Wednesday was the last public meeting asking for feedback on Tucson Electric Power’s proposed rate increase. That meeting was in-person or over the phone at 10 a.m.

TEP is proposing a 12% increase, which would increase customers’ bills by at least $14 a month.

TEP said one of the reasons for the increase is to recover costs for expanding its infrastructure and technology to serve Tucson’s growing community. But not every customer is happy with that explanation, with one who said “It amazes to me that TEP is just getting rewarded, potentially, in this case for having an outdated business model.”

Another customer opposing the increase said he will have less money for his barber, dryer cleaner, grocery store, and local coffee shop because he will have to spend more on his electric bill.

Background

TEP is proposing about a 12% rate hike or at least a $14 increase for the average Tucsonan’s electric bill. That would increase even more depending on a customer’s power usage. The Arizona Corporation Committee said it will vote to approve or reject the proposition in late fall, likely at their December 5th meeting. Voters will not have the opportunity to vote on this proposition, but can instead submit feedback to the AZCC, using its Utilities Public Comment Form.

This is different than Proposition 412, which would only add about $1 to TEP customers’ bills. That will be on the ballot for voters, and the AZCC will have the final say.

TEP is requesting to update rates by late 2023 to recover the cost of energy resources, technology improvements, security upgrades, and operating costs and to “serve the increasing energy needs of our growing community.”

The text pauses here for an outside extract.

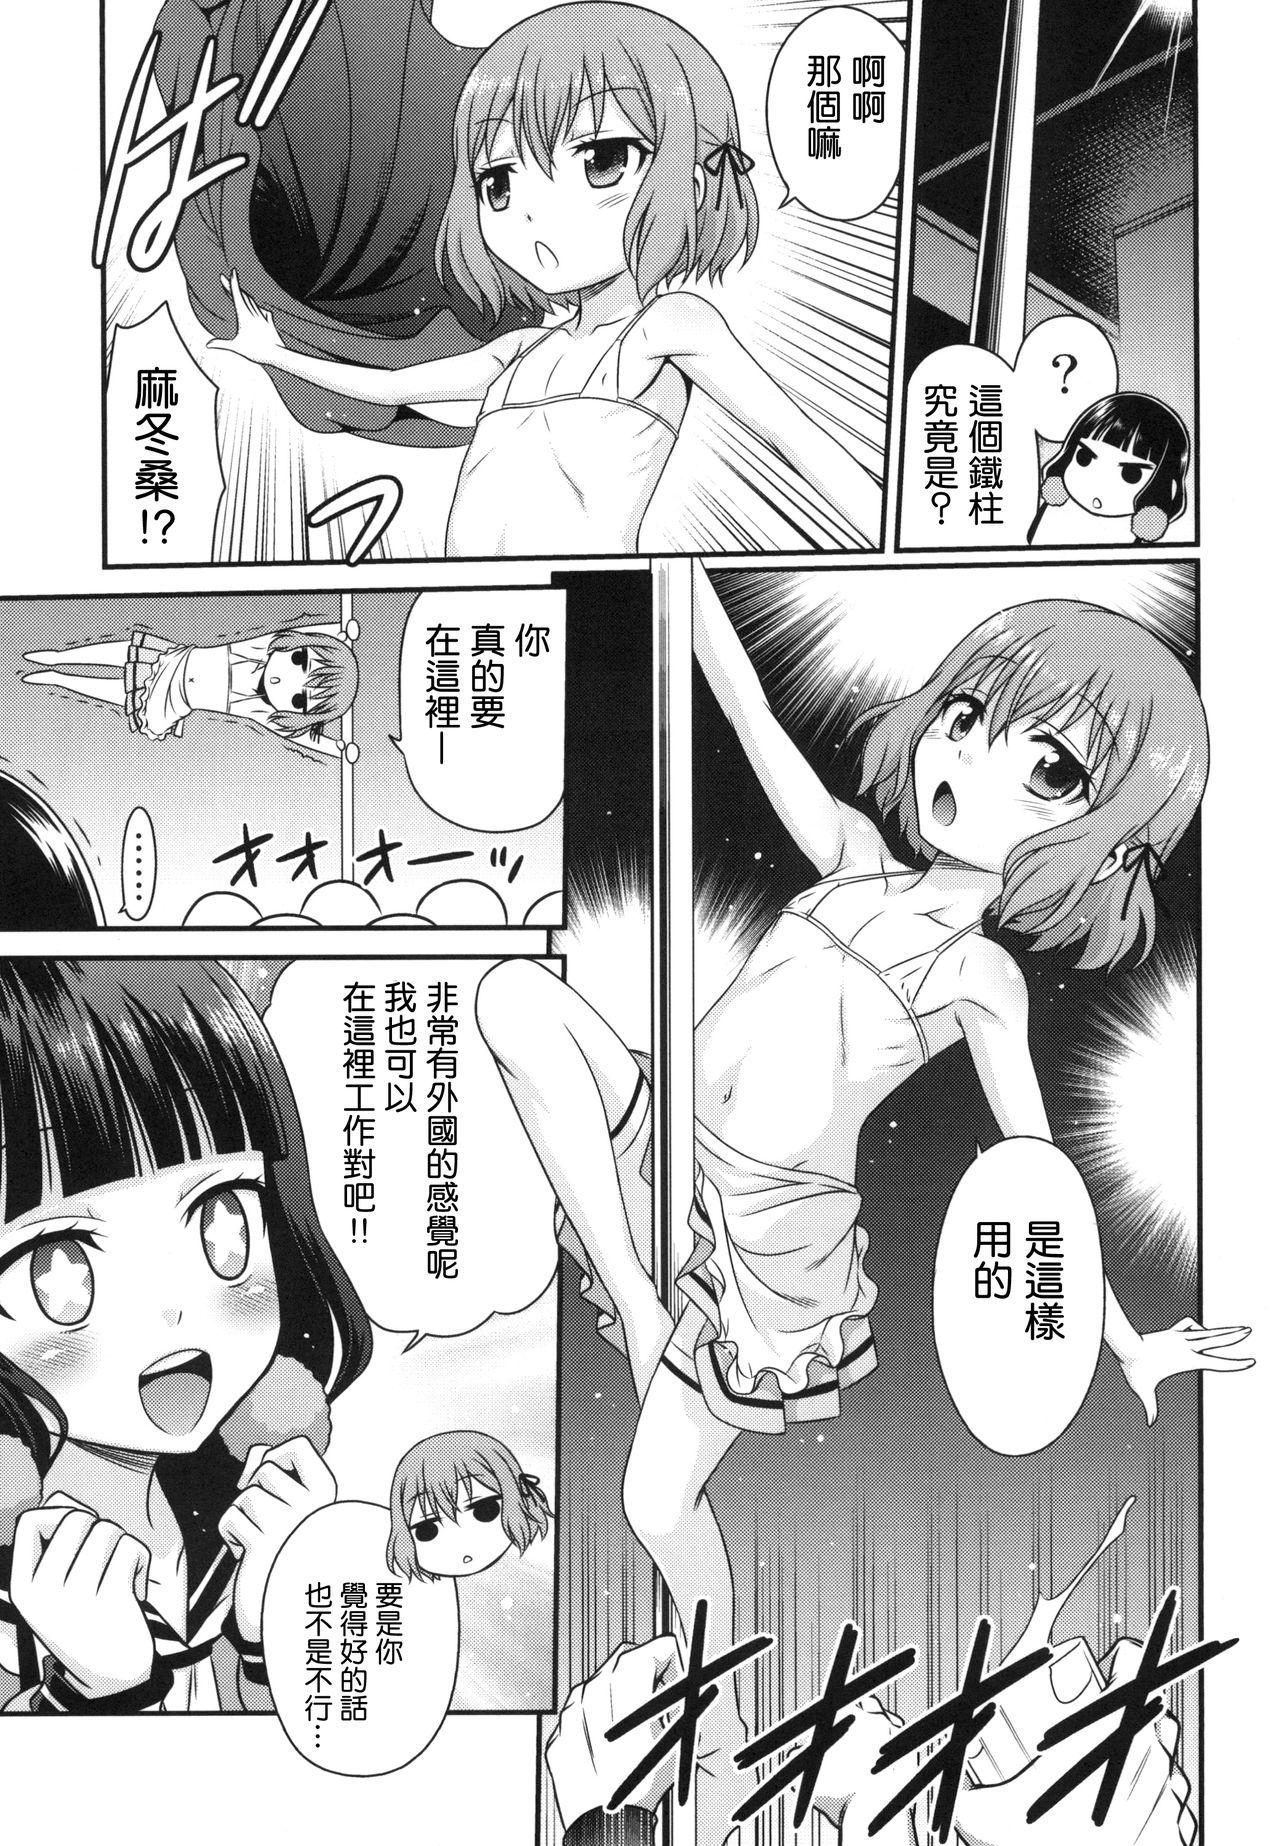 Pussy Licking YOU no Atsumaru Omise!! - Blend s Piercing - Page 6

Spokespeople from TEP have confirmed with KGUN 9 their profits from the past three years:

2020 – $191 million 2021 – $201 million 2022 – $217 million

TEP said net income and the related cash flow are used by credit rating agencies, lenders, investors and others to assess the creditworthiness of a company. They said a strong credit rating and ready access to capital support lower financing costs, which are ultimately passed along to customers through their rates.